[Excerpted records — start]

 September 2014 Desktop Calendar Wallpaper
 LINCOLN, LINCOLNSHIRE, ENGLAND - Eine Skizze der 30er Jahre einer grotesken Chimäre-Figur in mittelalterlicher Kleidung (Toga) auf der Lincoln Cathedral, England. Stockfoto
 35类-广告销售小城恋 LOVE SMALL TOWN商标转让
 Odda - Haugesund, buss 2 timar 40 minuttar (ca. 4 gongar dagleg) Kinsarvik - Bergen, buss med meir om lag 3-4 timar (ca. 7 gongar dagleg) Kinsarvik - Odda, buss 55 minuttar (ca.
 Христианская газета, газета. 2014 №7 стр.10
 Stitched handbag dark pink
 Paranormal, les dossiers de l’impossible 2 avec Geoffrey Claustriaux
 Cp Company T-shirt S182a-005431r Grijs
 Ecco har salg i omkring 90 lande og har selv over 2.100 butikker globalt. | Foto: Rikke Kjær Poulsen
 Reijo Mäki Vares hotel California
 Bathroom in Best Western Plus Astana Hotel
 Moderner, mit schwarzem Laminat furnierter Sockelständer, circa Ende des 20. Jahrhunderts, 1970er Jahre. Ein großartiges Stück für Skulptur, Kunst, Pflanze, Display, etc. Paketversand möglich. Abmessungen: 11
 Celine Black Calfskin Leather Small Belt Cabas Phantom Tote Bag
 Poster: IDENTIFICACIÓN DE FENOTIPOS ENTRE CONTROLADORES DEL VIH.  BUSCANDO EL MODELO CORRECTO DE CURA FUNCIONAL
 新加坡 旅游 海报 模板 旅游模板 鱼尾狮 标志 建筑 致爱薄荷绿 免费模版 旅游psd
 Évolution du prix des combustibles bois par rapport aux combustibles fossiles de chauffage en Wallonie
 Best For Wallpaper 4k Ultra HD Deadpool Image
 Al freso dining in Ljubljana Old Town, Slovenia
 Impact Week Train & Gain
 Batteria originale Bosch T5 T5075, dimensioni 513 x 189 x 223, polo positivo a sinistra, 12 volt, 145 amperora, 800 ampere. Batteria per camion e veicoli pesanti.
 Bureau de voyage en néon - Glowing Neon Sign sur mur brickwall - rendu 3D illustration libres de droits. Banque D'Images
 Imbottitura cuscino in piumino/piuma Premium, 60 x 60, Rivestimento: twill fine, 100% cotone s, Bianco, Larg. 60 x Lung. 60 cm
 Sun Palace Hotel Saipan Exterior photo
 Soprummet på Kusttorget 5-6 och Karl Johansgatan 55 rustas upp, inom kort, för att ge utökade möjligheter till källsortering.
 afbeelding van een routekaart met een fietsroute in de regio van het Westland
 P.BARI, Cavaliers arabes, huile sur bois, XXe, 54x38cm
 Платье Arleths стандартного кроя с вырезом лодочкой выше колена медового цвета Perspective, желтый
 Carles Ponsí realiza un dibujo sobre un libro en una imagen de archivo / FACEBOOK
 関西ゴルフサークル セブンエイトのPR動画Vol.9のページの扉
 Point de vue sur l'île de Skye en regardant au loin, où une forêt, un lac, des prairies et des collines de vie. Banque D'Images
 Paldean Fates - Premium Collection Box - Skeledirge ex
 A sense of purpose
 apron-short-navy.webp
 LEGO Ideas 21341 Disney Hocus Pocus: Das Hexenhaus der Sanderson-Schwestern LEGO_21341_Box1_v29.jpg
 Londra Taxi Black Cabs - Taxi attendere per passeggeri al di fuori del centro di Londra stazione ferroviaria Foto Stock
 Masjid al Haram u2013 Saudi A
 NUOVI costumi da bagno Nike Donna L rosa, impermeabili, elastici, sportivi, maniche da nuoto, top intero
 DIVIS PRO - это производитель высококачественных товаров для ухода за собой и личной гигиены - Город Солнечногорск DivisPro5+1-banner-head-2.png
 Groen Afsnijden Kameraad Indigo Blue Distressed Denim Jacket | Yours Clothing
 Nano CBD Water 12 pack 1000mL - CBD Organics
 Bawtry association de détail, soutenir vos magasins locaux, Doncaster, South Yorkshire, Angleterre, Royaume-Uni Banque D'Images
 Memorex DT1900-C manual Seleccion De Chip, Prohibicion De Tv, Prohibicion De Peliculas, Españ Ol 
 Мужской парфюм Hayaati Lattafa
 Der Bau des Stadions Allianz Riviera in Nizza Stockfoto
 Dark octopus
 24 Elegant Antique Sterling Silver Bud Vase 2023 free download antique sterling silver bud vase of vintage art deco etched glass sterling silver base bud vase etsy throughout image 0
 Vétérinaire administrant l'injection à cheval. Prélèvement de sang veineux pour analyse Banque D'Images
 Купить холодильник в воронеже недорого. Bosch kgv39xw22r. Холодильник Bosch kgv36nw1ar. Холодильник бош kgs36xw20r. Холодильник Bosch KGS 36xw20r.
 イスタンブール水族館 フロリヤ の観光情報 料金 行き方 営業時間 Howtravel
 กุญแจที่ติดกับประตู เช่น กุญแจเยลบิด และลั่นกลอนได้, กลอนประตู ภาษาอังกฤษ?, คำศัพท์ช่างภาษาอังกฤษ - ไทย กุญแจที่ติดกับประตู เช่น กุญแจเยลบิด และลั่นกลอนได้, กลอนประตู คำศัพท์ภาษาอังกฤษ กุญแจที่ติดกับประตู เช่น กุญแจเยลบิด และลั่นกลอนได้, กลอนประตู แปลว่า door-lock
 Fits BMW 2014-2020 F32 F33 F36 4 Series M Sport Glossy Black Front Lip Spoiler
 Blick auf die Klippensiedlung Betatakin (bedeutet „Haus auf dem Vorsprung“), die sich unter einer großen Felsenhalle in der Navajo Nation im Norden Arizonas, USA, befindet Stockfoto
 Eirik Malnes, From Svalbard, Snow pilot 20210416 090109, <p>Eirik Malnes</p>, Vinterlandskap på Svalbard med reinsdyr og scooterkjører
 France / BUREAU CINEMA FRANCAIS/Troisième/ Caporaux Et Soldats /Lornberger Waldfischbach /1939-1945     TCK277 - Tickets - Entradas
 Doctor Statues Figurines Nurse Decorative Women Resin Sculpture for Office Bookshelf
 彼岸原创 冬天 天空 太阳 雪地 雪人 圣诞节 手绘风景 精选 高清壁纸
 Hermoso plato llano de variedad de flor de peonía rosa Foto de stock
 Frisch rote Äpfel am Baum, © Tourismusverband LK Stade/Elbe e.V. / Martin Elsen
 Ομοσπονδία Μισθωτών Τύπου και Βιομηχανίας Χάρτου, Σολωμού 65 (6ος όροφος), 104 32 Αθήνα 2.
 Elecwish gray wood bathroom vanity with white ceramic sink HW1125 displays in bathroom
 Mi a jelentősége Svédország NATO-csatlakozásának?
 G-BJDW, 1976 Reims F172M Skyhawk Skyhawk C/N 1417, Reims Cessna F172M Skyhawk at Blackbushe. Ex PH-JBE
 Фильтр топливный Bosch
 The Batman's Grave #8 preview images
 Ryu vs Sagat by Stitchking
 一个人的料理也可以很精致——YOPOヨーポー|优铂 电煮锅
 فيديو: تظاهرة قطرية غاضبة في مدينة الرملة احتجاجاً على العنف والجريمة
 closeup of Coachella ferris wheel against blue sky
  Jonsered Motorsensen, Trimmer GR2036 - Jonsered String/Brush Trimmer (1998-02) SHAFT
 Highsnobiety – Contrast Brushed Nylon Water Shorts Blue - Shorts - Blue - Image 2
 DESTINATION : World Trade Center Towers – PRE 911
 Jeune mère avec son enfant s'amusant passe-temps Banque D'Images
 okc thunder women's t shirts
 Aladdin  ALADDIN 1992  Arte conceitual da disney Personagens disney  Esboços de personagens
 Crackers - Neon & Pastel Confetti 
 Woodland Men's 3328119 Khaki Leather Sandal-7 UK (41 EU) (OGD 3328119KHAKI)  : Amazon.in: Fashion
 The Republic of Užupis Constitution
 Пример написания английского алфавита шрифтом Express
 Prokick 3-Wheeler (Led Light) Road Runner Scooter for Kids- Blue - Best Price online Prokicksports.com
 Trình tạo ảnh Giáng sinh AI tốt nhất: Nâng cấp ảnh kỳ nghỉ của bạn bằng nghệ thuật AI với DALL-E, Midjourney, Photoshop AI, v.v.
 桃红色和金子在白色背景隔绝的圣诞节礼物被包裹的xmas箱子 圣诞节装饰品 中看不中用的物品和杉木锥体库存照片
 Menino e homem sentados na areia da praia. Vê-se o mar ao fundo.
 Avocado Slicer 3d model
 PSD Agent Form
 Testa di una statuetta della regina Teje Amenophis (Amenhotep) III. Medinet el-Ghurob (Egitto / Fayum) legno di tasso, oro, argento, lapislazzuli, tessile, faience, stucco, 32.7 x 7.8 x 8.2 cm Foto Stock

[Excerpted records — finish]

* What is expected
Given the data above, transcribe exactly the lines from the one containing "Point de vue" down to the one containing "apron-short-navy.webp", and no others.

* Task output
 Point de vue sur l'île de Skye en regardant au loin, où une forêt, un lac, des prairies et des collines de vie. Banque D'Images
 Paldean Fates - Premium Collection Box - Skeledirge ex
 A sense of purpose
 apron-short-navy.webp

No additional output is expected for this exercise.